In other words, before death postponed or otherwise, life might be made considerably nicer: less fraught with disease and suffering, and altogether less “half-baked”. This is a metaphor from cooking, and transhumanist rhetoric is awash with such, at times treacherous, metaphors.

Half-baked species

“Transhumanists hope that by responsible use of science, technology, and other rational means we shall eventually manage to become posthuman, beings with vastly greater capacities than present human beings have.”  Bostrom’s lovely sentiment – that the half-baked human must be improved by “the responsible use of science” –  has driven humanity for millennia, ever since we began using technologies of flint and fire and so on, and through innumerable and utterly vital developments in medicine and science. So one key question that we must pose and seek to discuss is how, specifically, the transhumanist “movement” will depart from or further enhance this consistent strain in human history?

Transhumanism’s signature ambition, that we may become “posthuman”, leads us to a baroque and venerable question: what does it mean to be human, anyway? If we want to go beyond something, to transcend it, it is clear we must understand our starting point, the point beyond which we desire to go. The quest to fathom the self, to understand what it means to be human, is fundamental to almost every civilisation known to us. It defines one of the earliest works of literature, the Epic of Gilgamesh from ancient Mesopotamia, in which our protagonist embarks on a quest to understand who on earth he is and what he’s meant to do with his mortal span of years. In ancient religious texts such as the Upanishads, all creation begins with the moment of becoming: “I am!” That is, the world comes from mind itself.

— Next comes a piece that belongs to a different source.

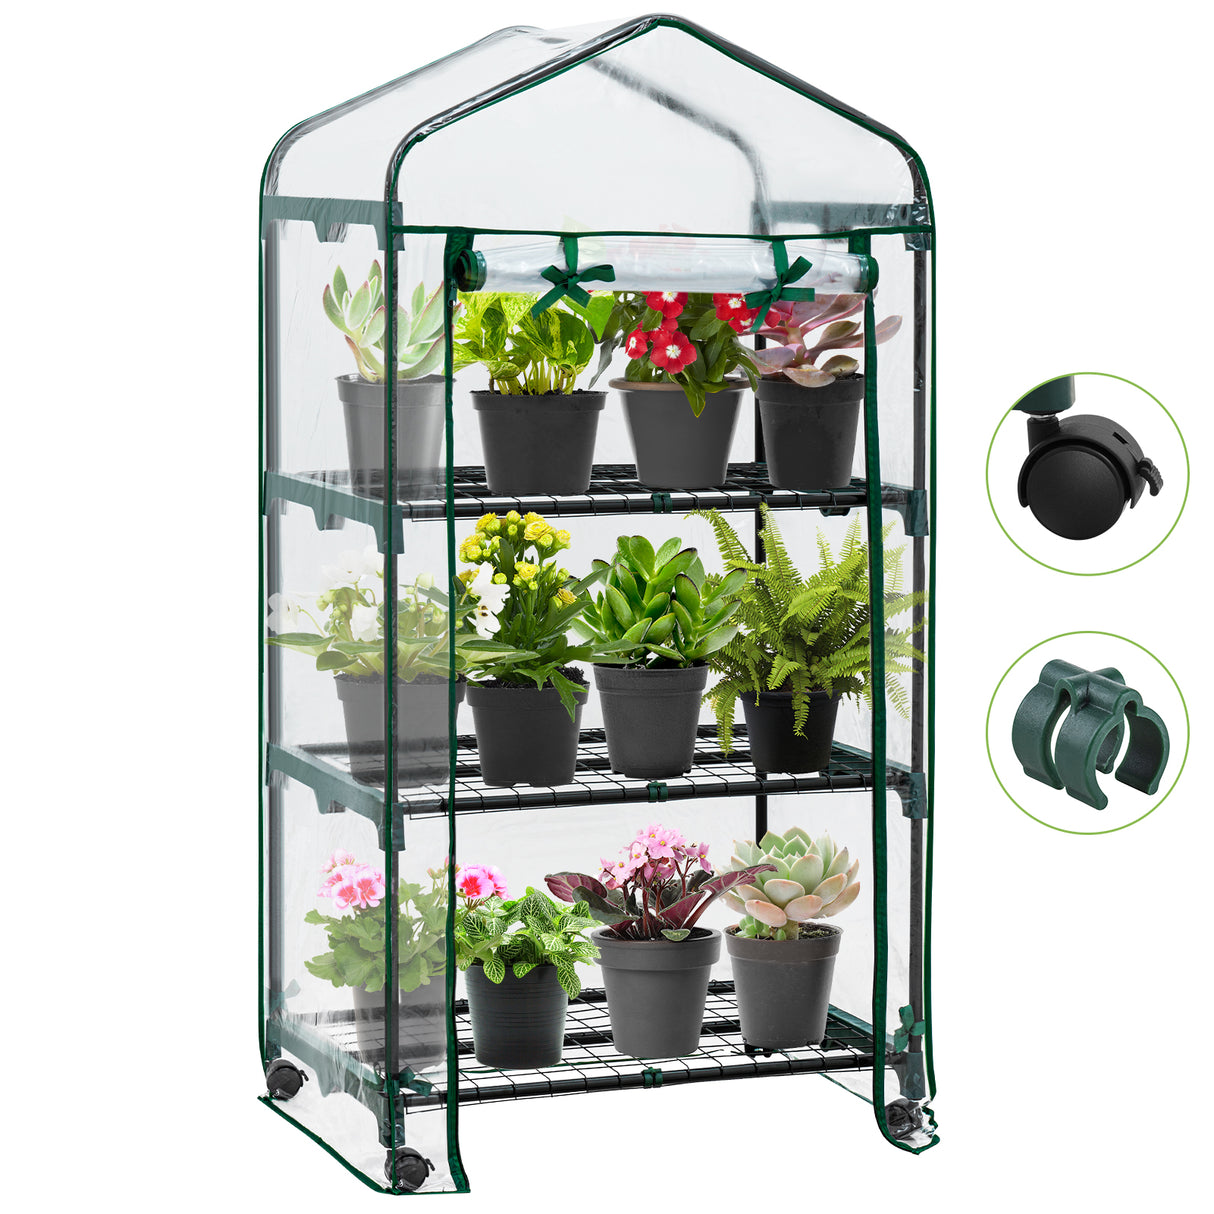 EAGLE PEAK Mini Rolling Greenhouse w/ Caster Wheels, 3-Tier or 4-Tier Portable Rack Shelves

In many global religions, the human self is divided into body and soul, a material and an immaterial part. During the Enlightenment, Descartes famously tried to reconcile this ancient distinction and also placate the church by proposing that the material and immaterial somehow communicated or mingled via the pineal gland.

Are you a convincing human?

Skipping boldly through a few centuries of thought, we might arrive (blinking in surprise) at the philosophical novels of Philip K. Dick and his brilliant Do Androids Dream of Electric Sheep? This poses the ancient question again: what does it mean to be human? When is someone/something “convincingly” human and when are they not? Is your version of “being human” the same as mine? Or the same as the next human’s?

As the Australian philosopher David Chalmers has said, consciousness – this mysterious thing that every human possesses or feels they possess – remains “the hard problem” of philosophy. We lack a unified theory of consciousness. We don’t understand how consciousness is “generated” by the brain, or even whether this is the right metaphor to use. We speak of such mysteries in a funny system of squeaks and murmurs that we call “language” and that swiftly drops into the blackness of prehistory when we seek to trace its origins. We don’t know who the first humans were: that fascinating quest likewise drives us straight into a great void of unknowing.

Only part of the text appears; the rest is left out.